自動売買(EA)で成功するためには、リスクを限定的にして分散することが重要です。このポイントをしっかりと理解し、実践することで、安定した収益を得られる確率が上がります。
最初に取り組むべきは「リスク管理」です。まずは、小額からスタートして、リスクを限定しましょう。
どんなに優れたEAでも、リスク管理を怠ると大きな損失を招く可能性があります。
証拠金にあった適切なロットを設定し、損切りラインを確実に設けることで、予期せぬ市場の変動から資産を守ることができます。
複数の通貨ペアや戦略を組み合わせたポートフォリオを構築してリスクを分散させることも有効です。
さらに、市場は常に変化しているため、EAの設定や戦略も定期的に見直す必要があります。
フォワード実績がバックテストの想定通りになっているかを常に監視し、定期的な見直しを行うことで、長期的に安定した収益を上げられます。

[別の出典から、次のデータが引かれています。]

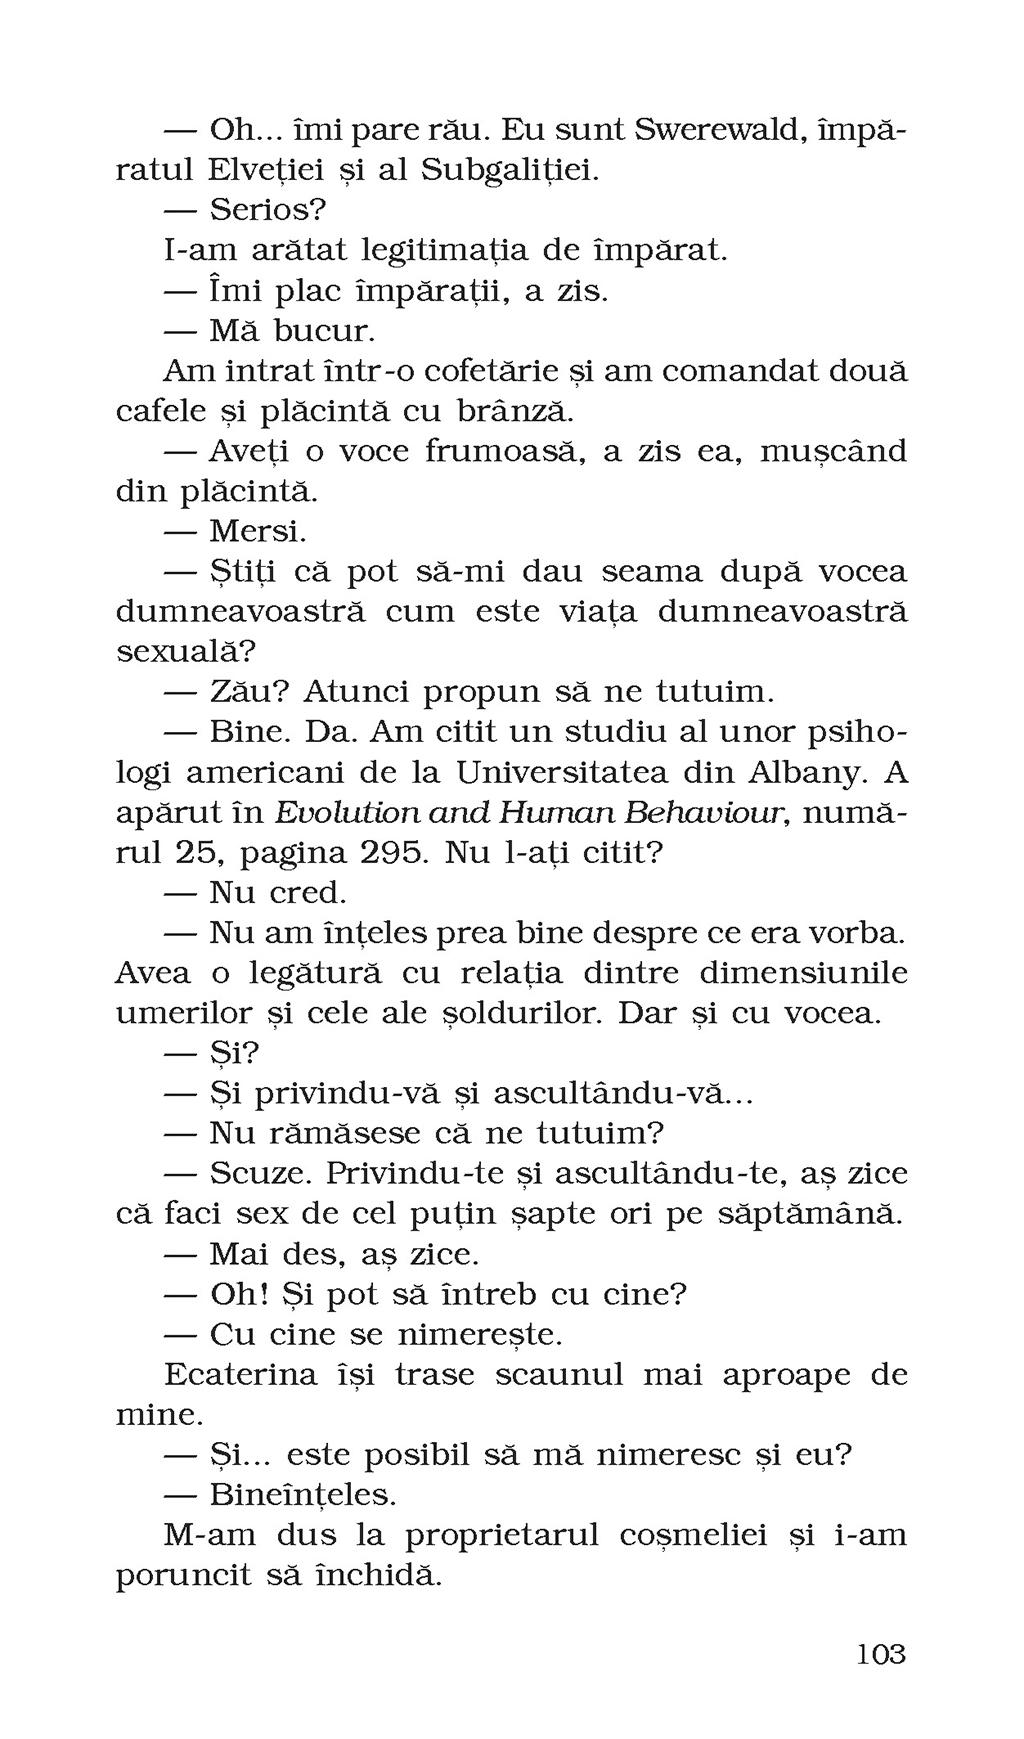 Eu et al. | Alex Tocilescu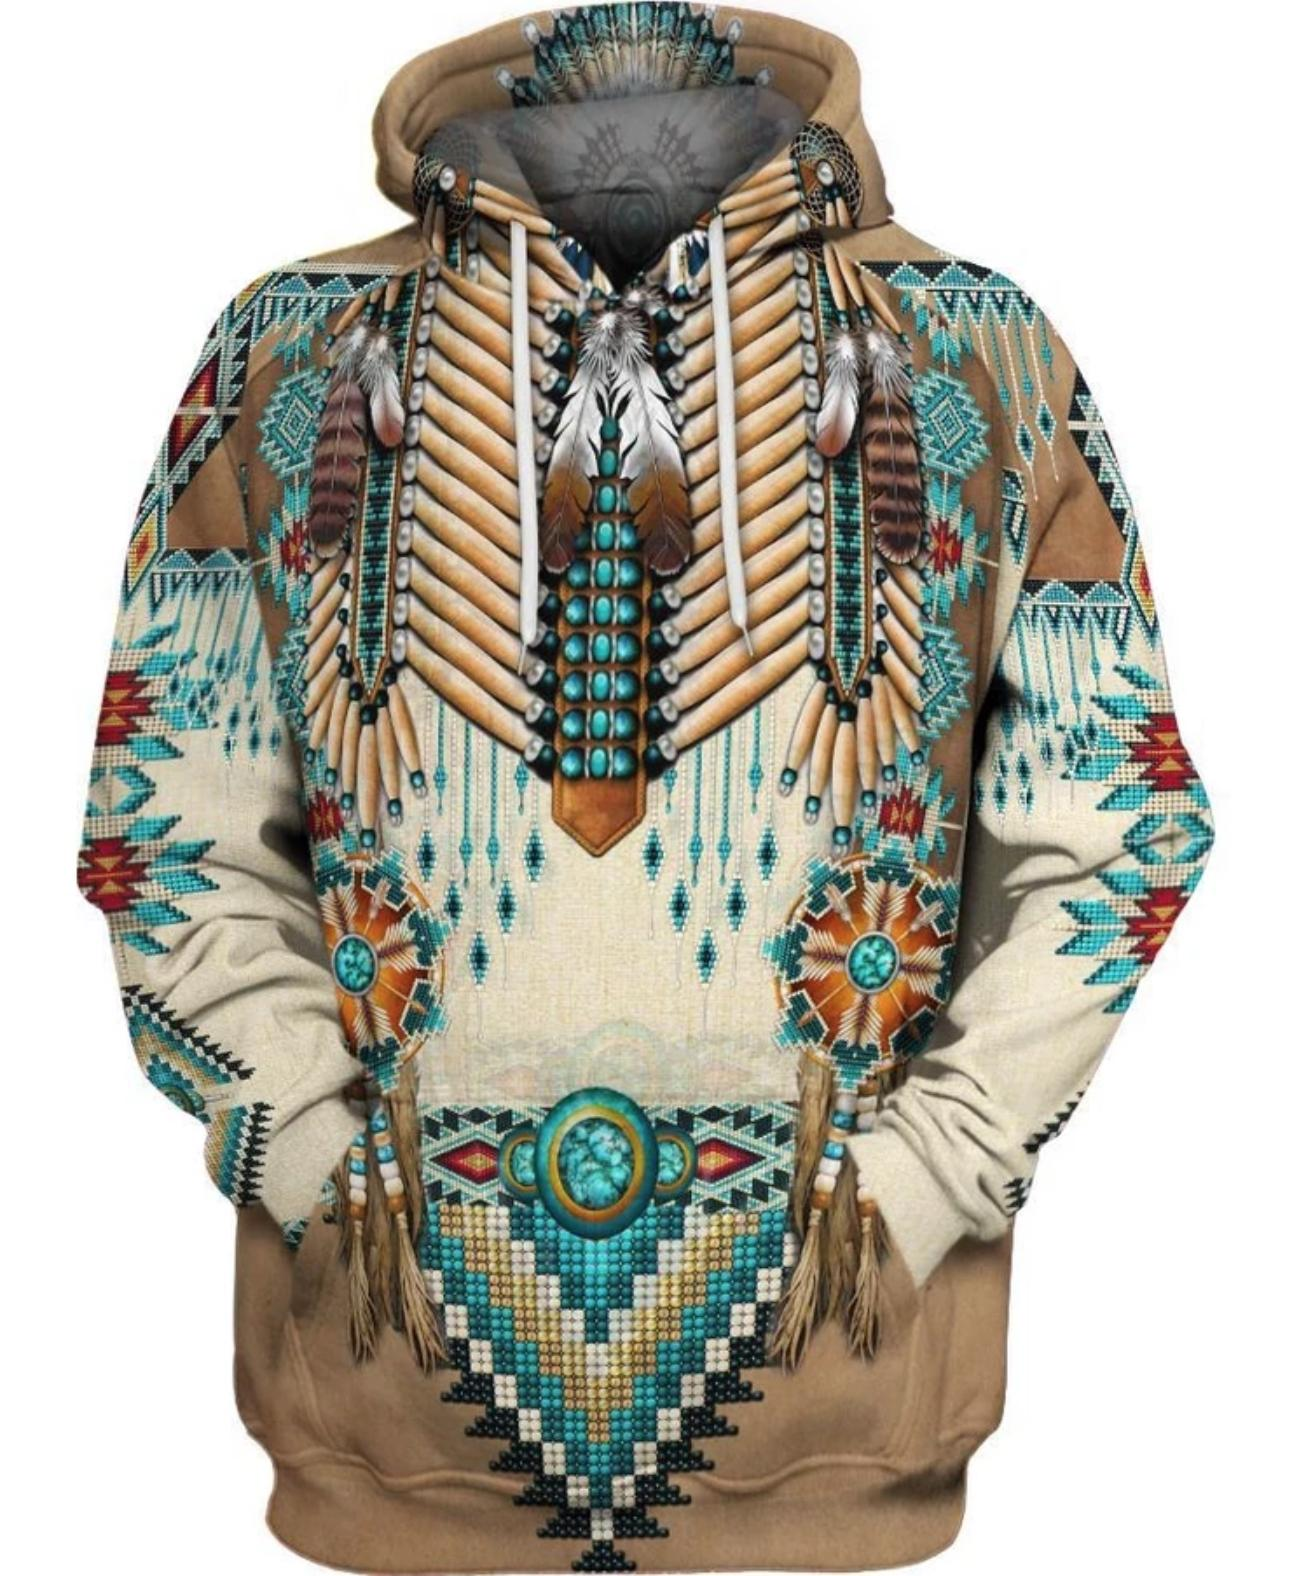 Apache warrior native american all over print hoodie - maria

これらのポイントを実践し、自動売買(EA)を効果的に運用することで、長期的な成功を目指すことが可能です。
EAは裁量トレードに比べてトレーダーの時間を節約でき、感情を排除できるため安定したトレードができます。さらに複数のEAを組み合わせることで市場の変化によらず収益を上げ続けられます。
一方で、世の中にはEAがいっぱい存在しており、過去の成績だけをよく見せるために作られたものも存在します。そのため、本記事で紹介したEAの選び方を理解していただき、優秀なEAだけを見分けられるようになりましょう。
まず、最初は無料のEAで十分です。自分にEAに対する知見や経験が蓄積してから有料のEAに手を出すようにしましょう。